Fragicetto occasionally changes things up from his slightly dreamy indie-pop template, but not enough to make much difference. “Samantha” is slowed-down, with jangly guitars, harmonica, and even slide guitar. It has the feel of a country-style track, but there’s no passion in Fragicetto’s vocals to really sell the song. “You Said It” is upbeat, with some nicely arranged ‘80s-style synths driving it. It’s one of the better songs on the album because the synths carry a lot of the melodies. “Follow Your Bliss” may be the best song here, and it’s no coincidence that it’s the one track where Fragicetto fully commits to the dream-pop vibe he’s been nudging at for the rest of the album.

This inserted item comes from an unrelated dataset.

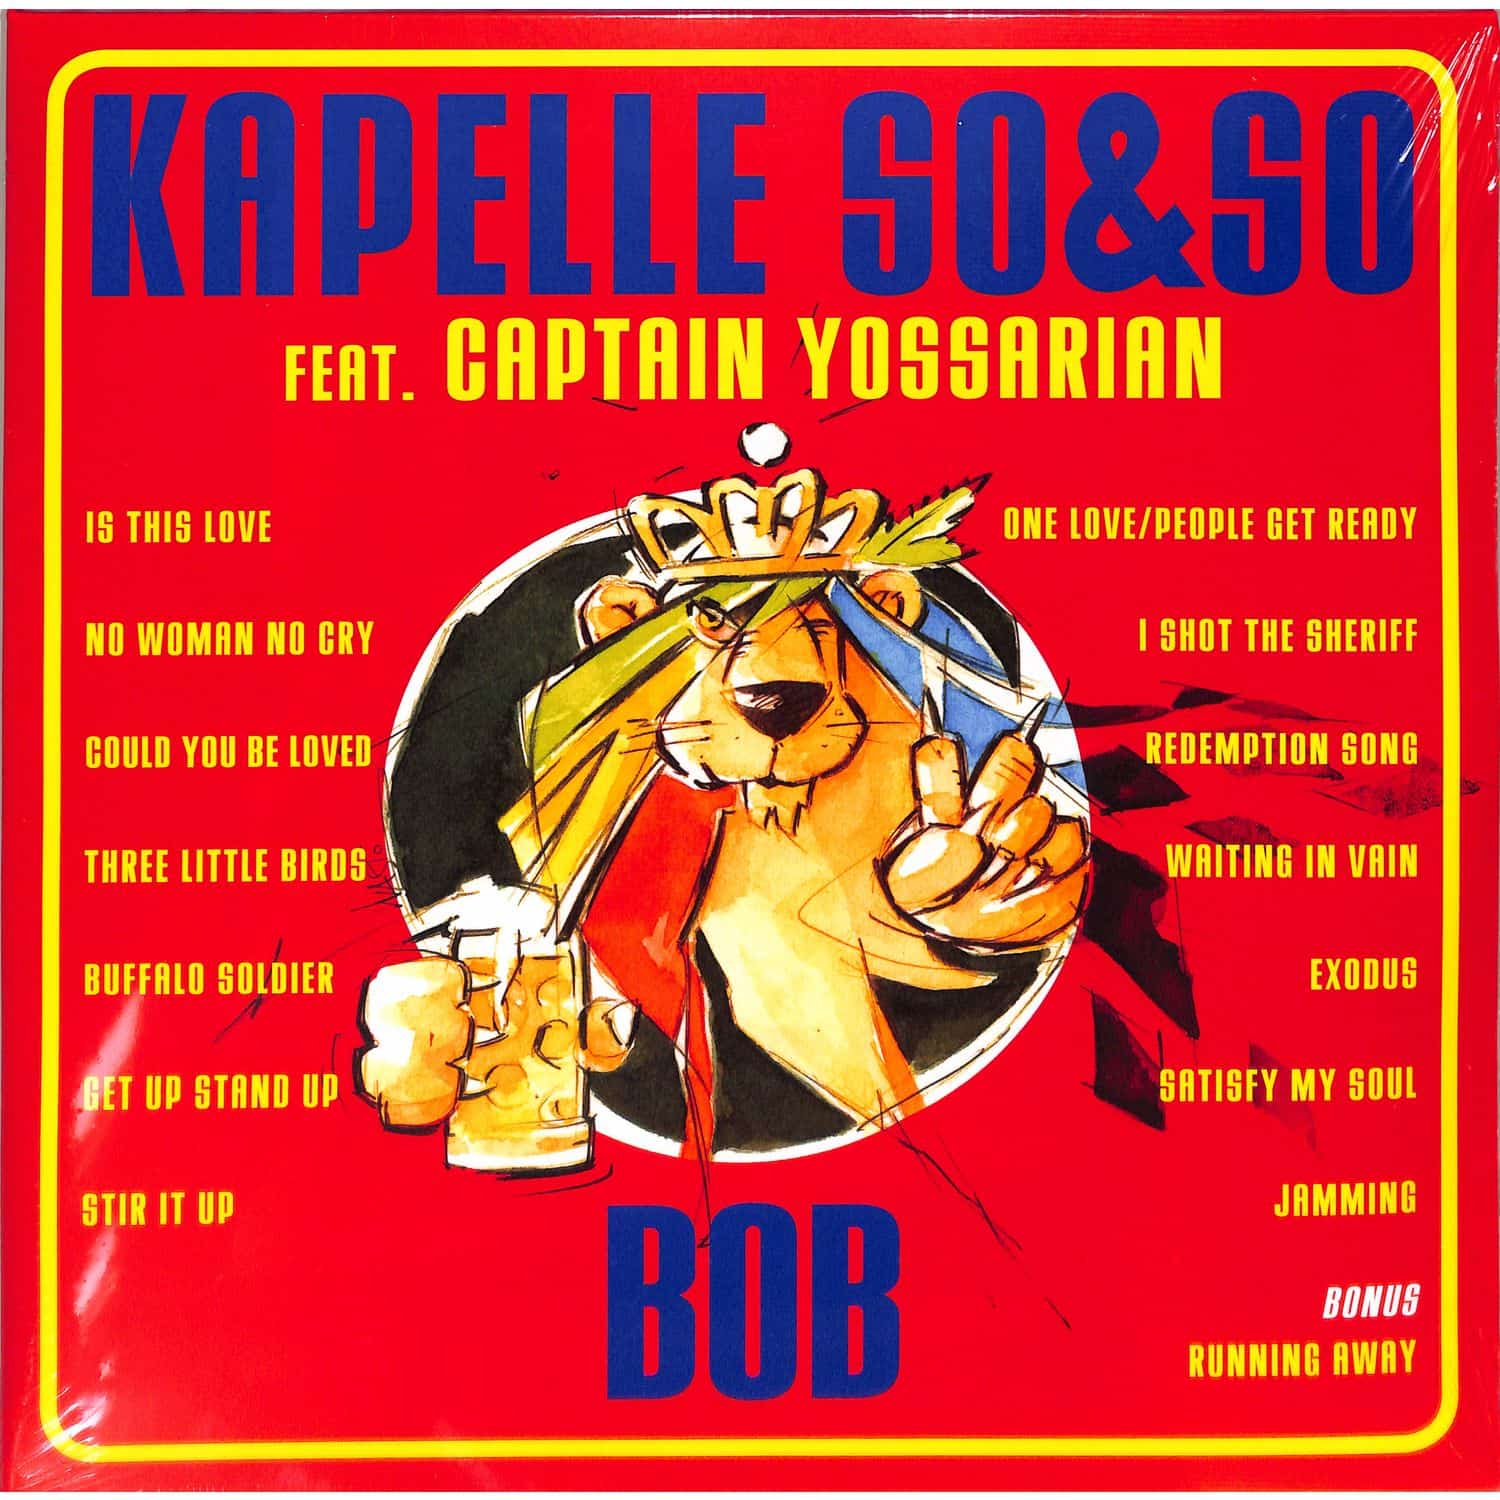 Kapelle So&So ft. Captain Yossarian - BOB

The verses of the song feature lush synth chords, strummed acoustic guitar, and quiet banjo in the background. The chorus is driven by a jittery guitar riff and the repeated refrain, “If you follow your bliss / follow your bliss.” Some nicely placed harmony makes it the closest thing the album has to a memorable chorus, and it’s the one spot where it all comes together for Psychic Babble.


Weirdly, the most interesting parts of My Brother’s Ears / My Sister’s Eyes are the oddball interludes that come, seemingly random and unrelated, near the ends of some tracks. “Radio Songs” has a spoken-word bit in the outro, as a man discusses being sober, but very, very tired. The same voice returns again, always at the end of songs, doing an odd speak-singing thing that seems like a stream of consciousness. It’s a genuinely strange thing on an album that isn’t nearly strange enough. With all the by-the-numbers indie-pop going on during the rest of the album, I found myself wanting to hear more of these rants, no matter how badly sung they are.


If there’s an audience out there for this album, it’s going to be mostly hardcore Circa Survive fans who want to follow what every band member is doing. As an indie-pop album, My Brother’s Ears / My Sister’s Eyes is nothing even slightly special. But Circa Survive has a pretty strong following, and I could see some of those fans who mostly stick to the metal-progressive-hardcore styles of music finding this album to be a breath of fresh air. To the rest of us, though, Psychic Babble is going to seem run of the mill. The press materials for this album tout that it was five years in the making. It’s a good thing that Frangicetto has a gig in a full-time band as an excuse, because otherwise taking five years to create something this mediocre would be pretty embarrassing.